• DESCRIPTION OF THE TASK:
Pictures within the data are to be left out; everything else must be reproduced exactly.

BEGIN GIVEN MATERIAL

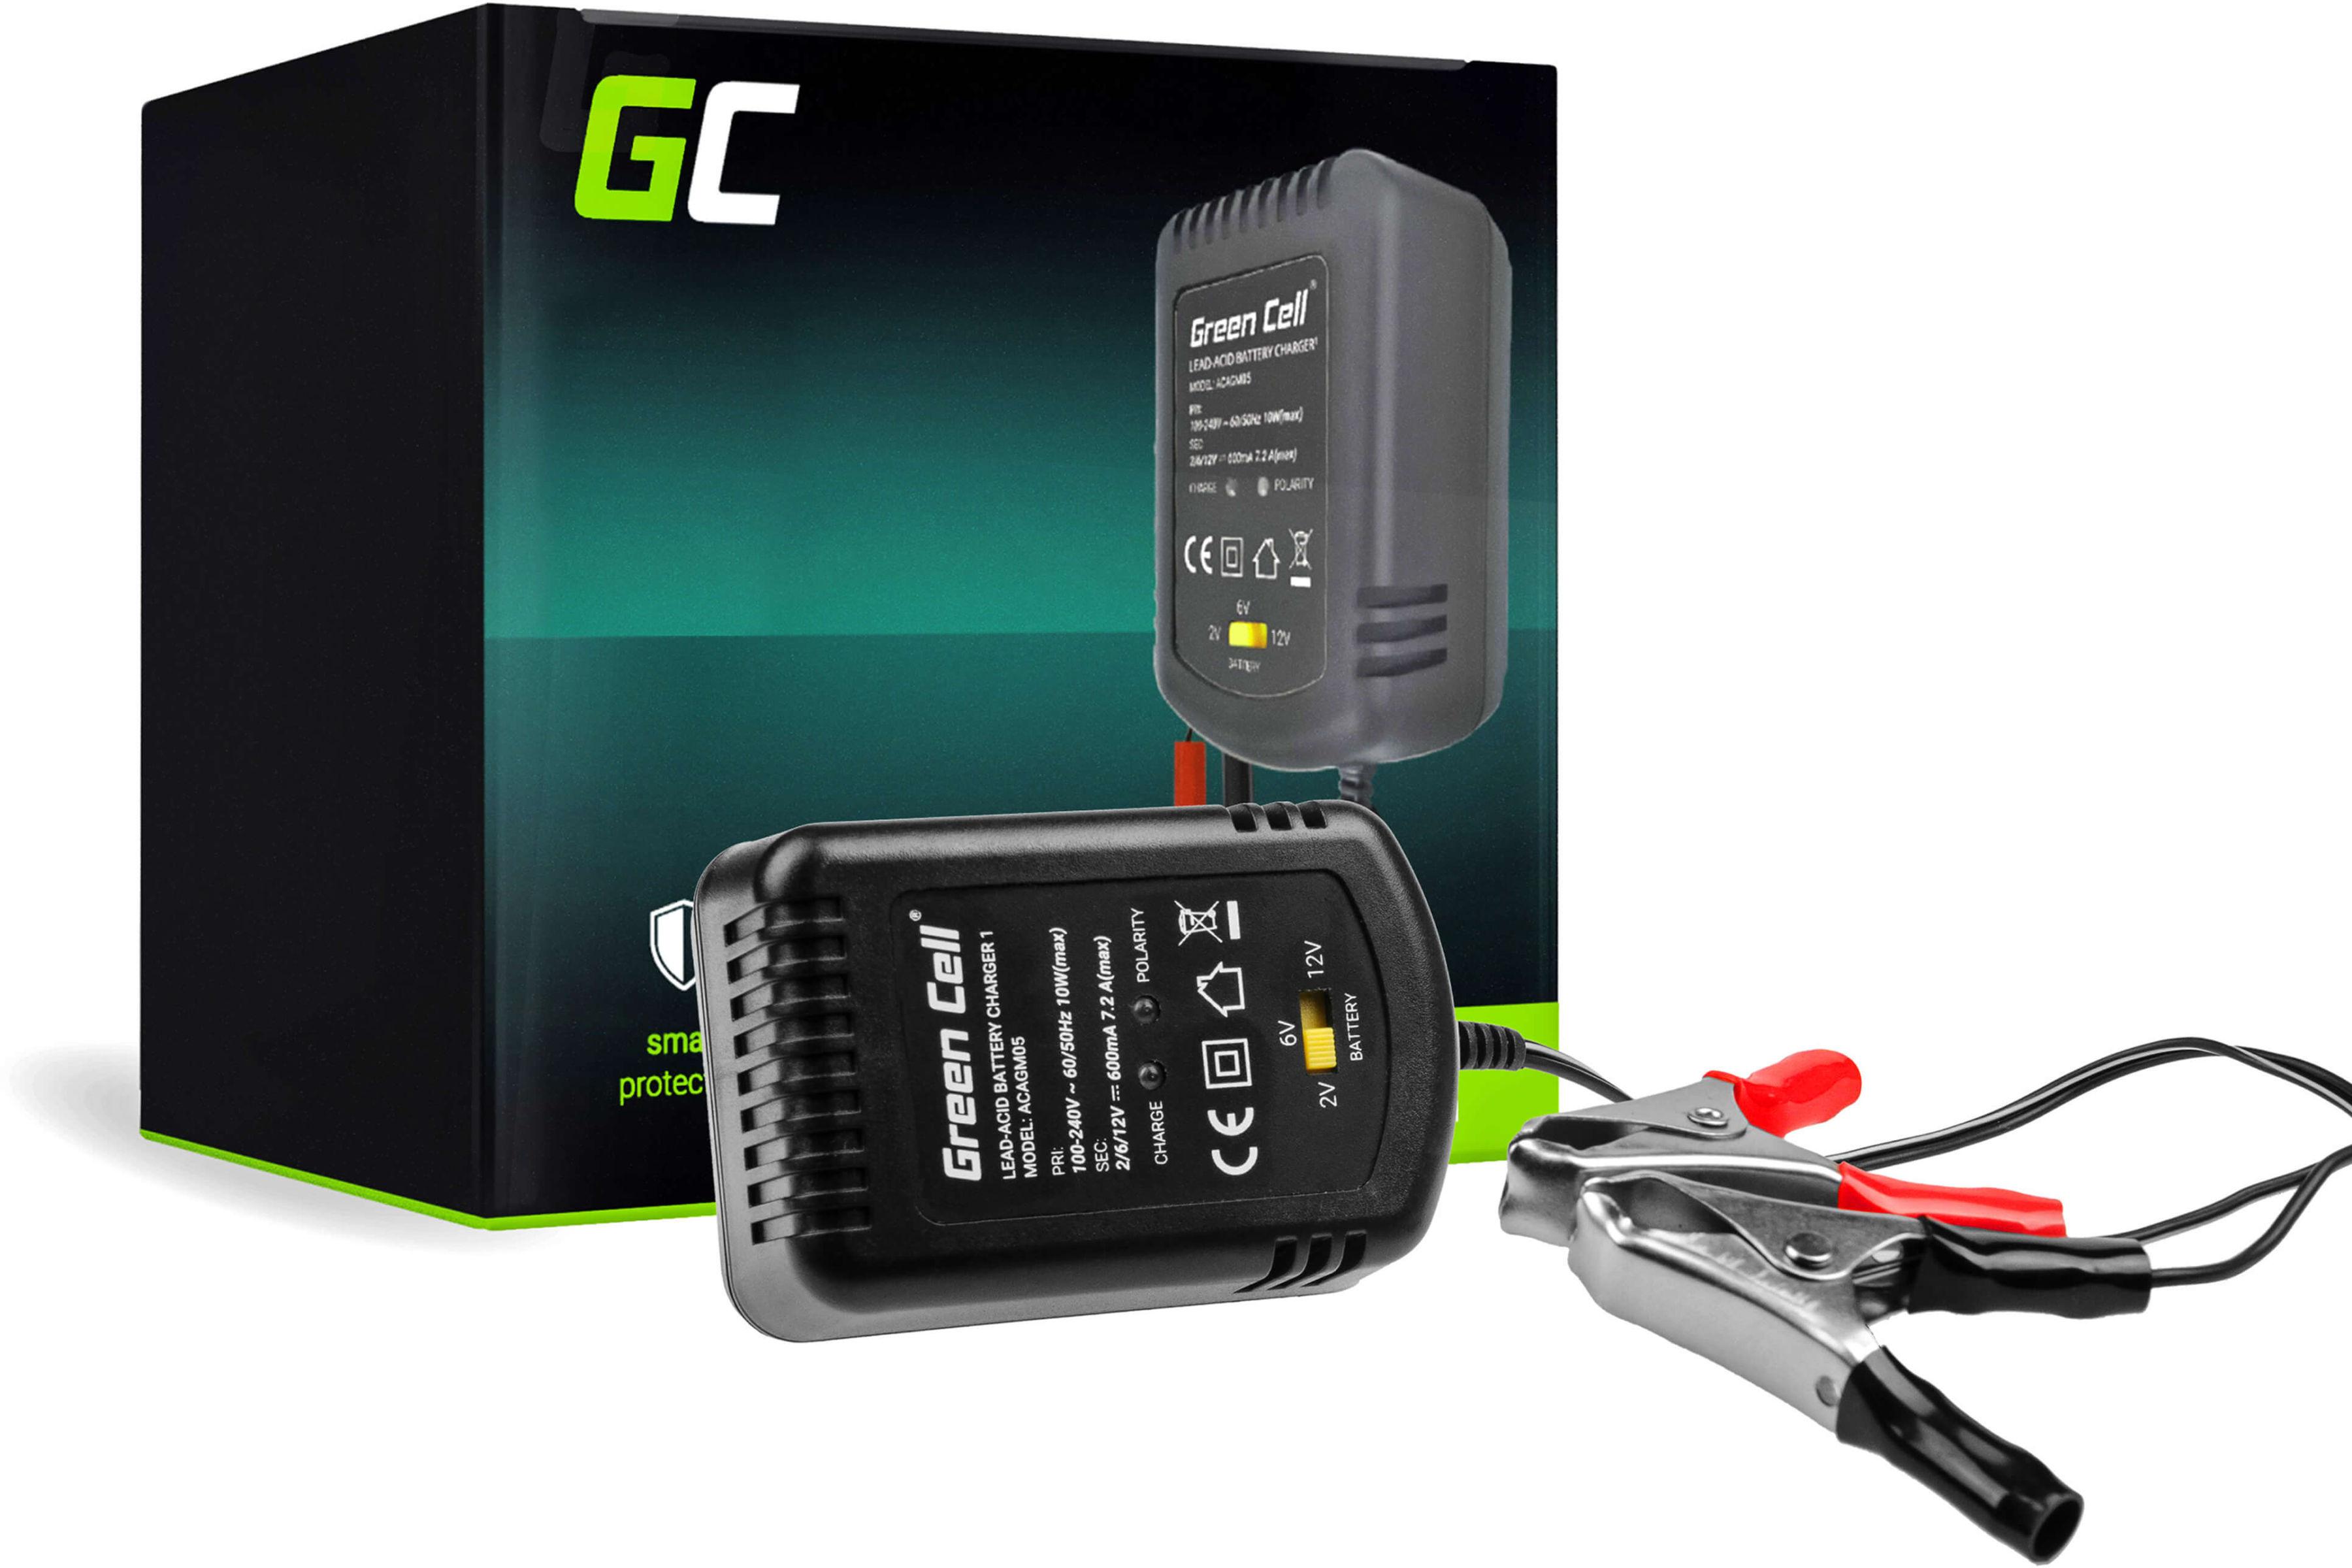 Ładowarka, Prostownik Green Cell do akumulatorów 2V / 6V / 12V (0.6A)
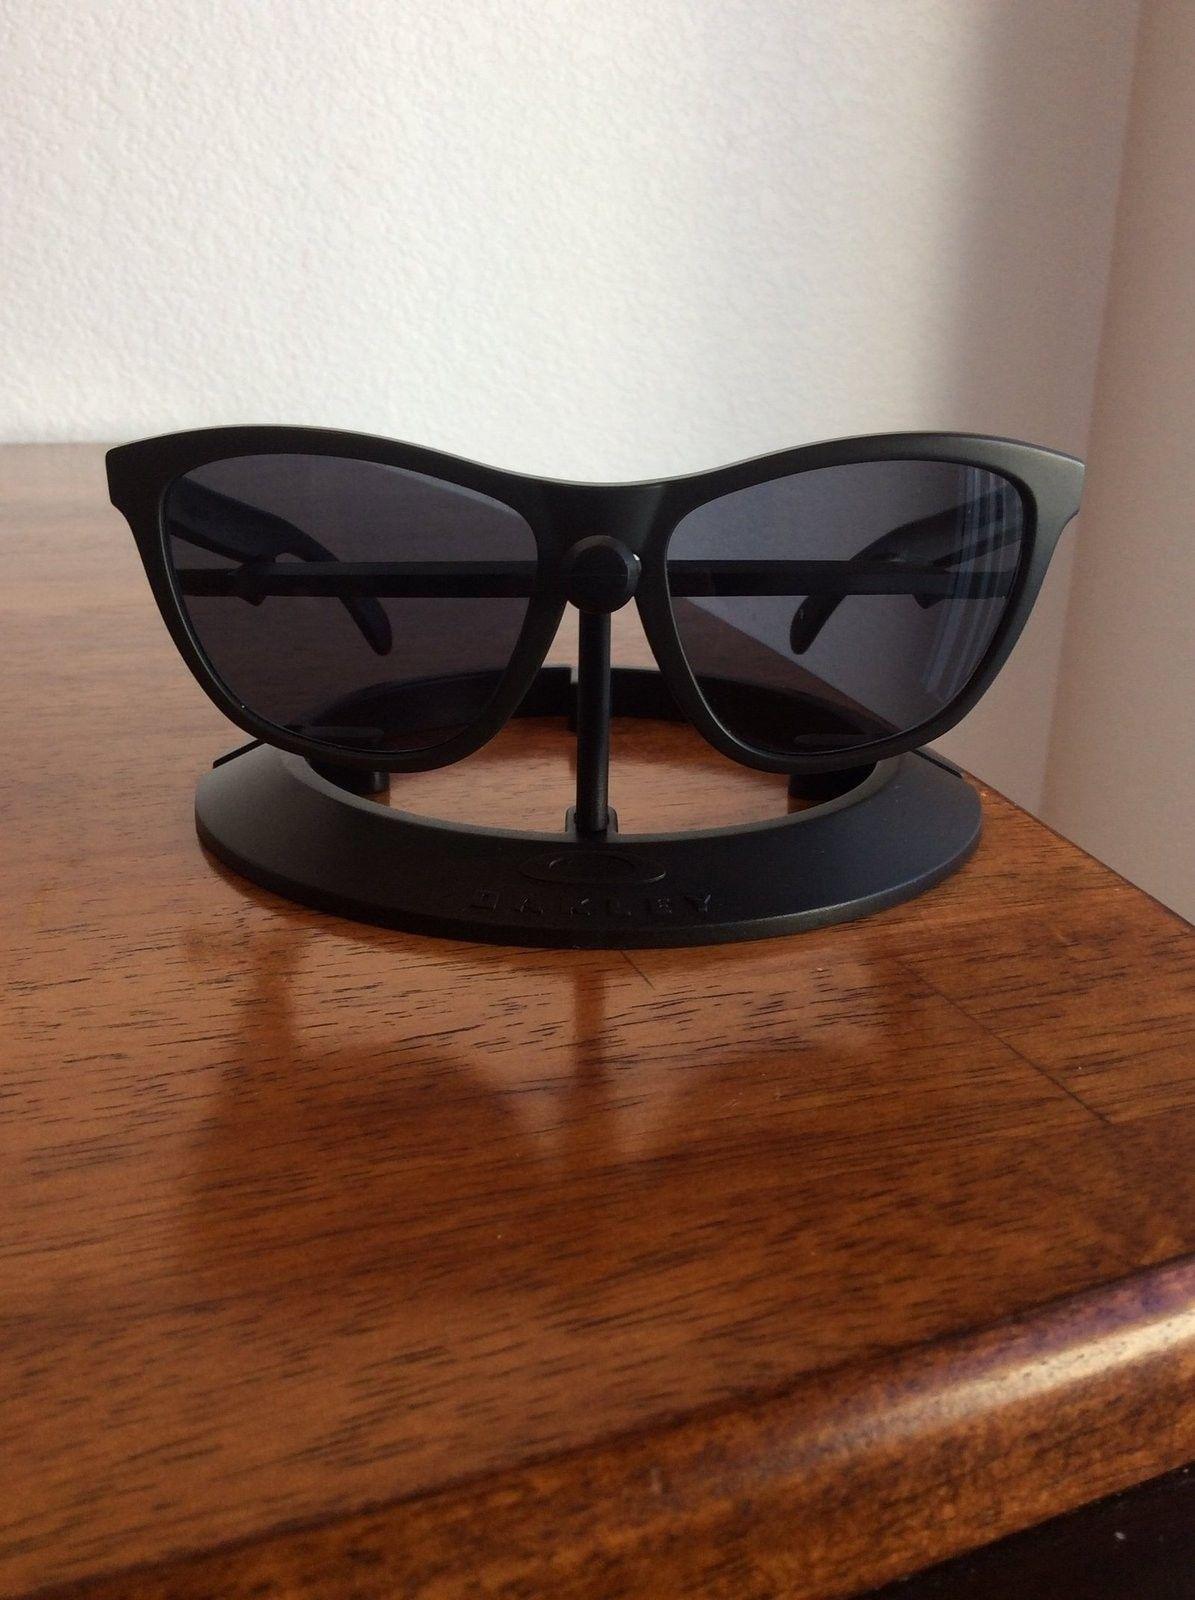 Oakley Frogskins Carbon Infinite Hero frame/grey lenses cheap - image.jpeg
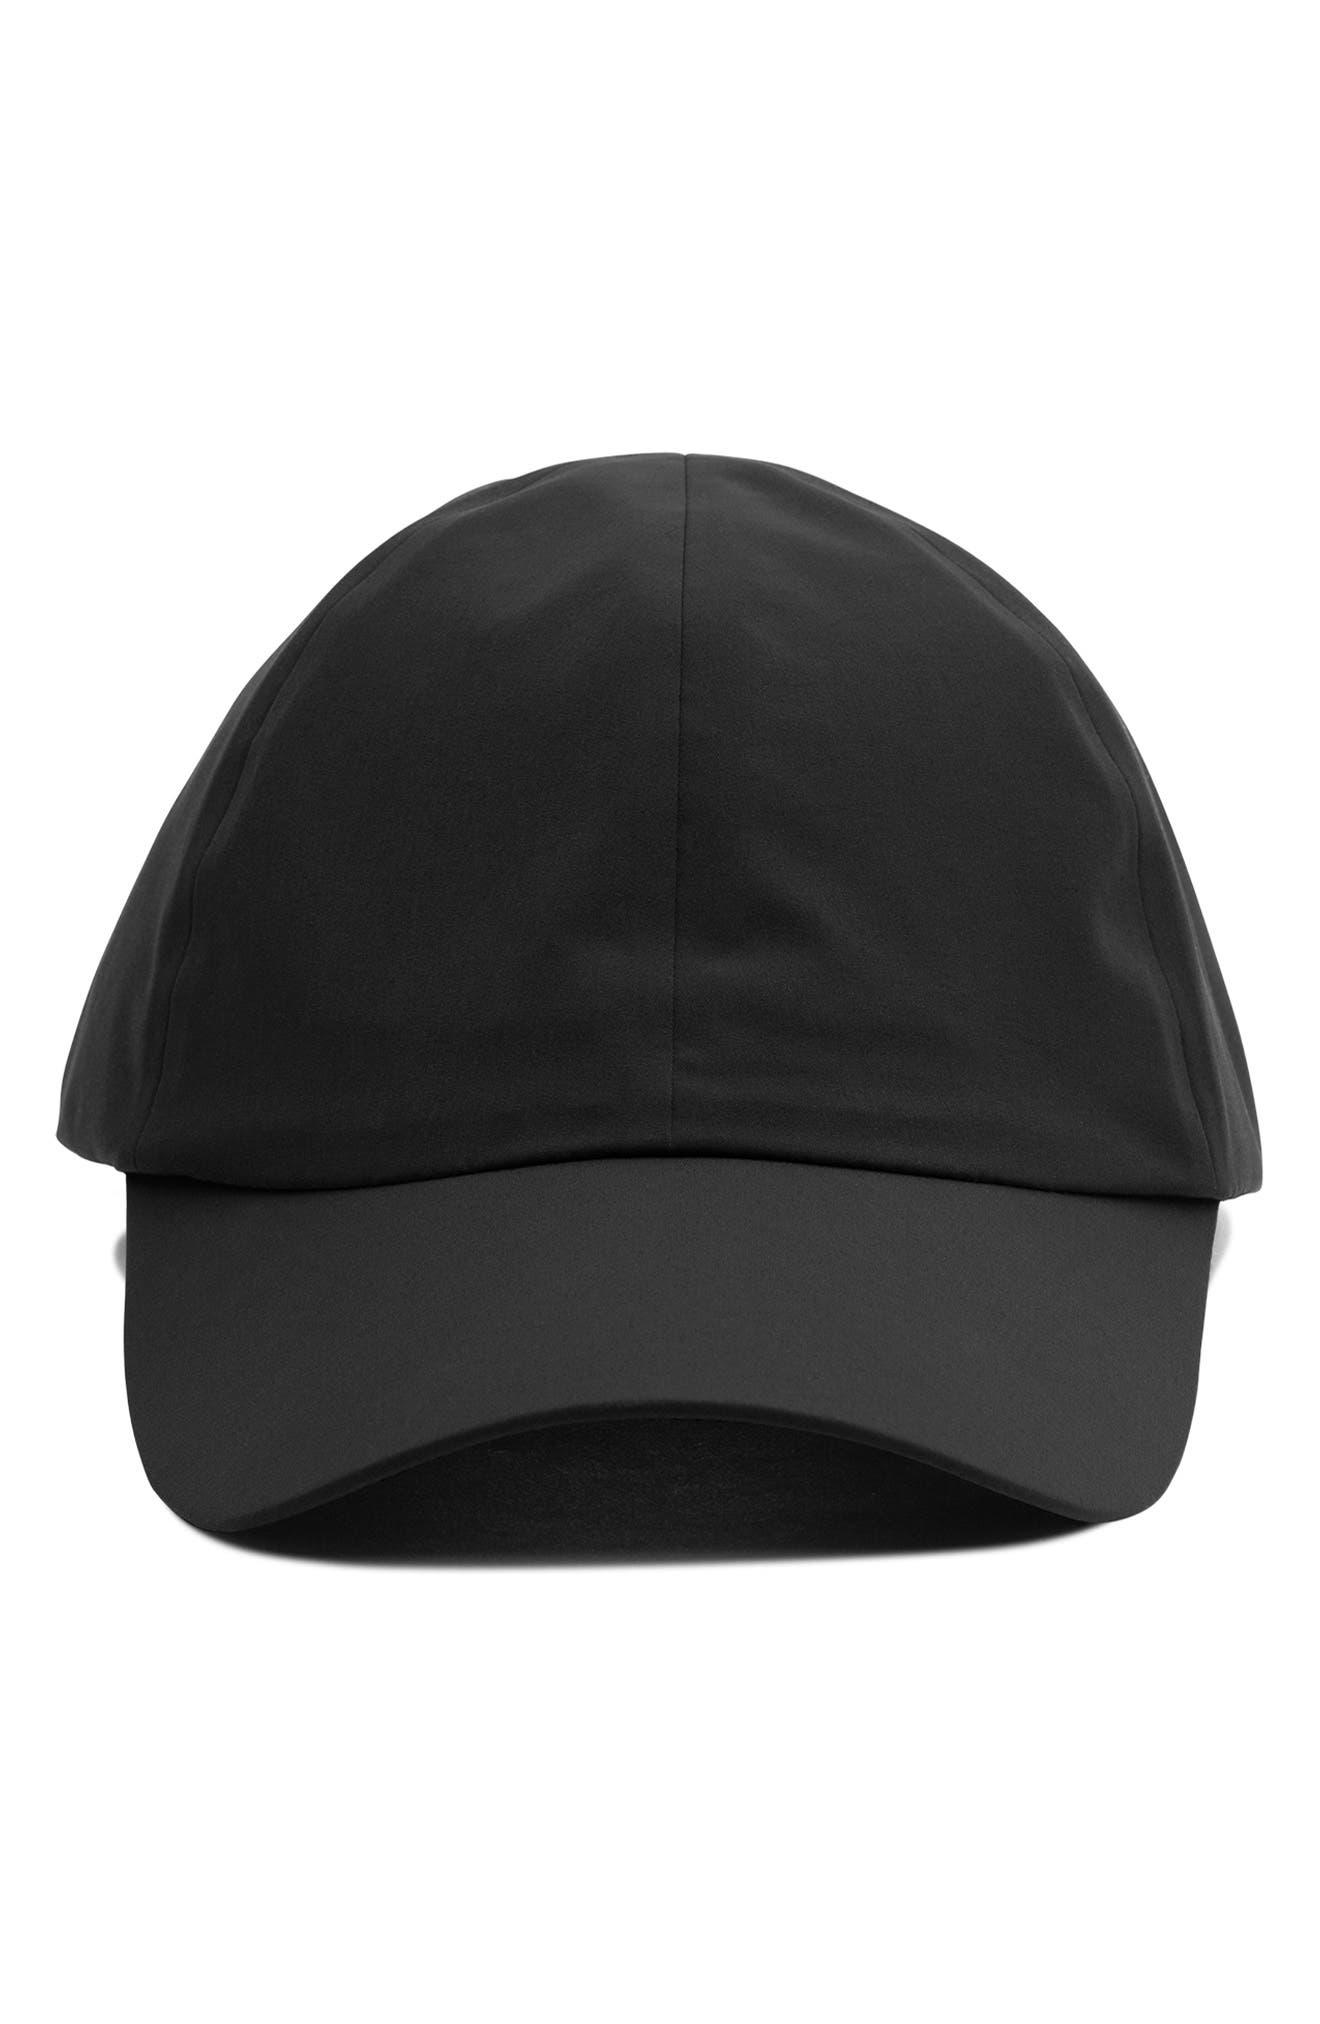 Waterproof Nylon Ball Cap,                             Alternate thumbnail 2, color,                             BLACK

END GIVEN MATERIAL

• SOLUTION TO THIS EXERCISE:
 Ładowarka, Prostownik Green Cell do akumulatorów 2V / 6V / 12V (0.6A)
 Oakley Frogskins Carbon Infinite Hero frame/grey lenses cheap - image.jpeg
 Waterproof Nylon Ball Cap,                             Alternate thumbnail 2, color,                             BLACK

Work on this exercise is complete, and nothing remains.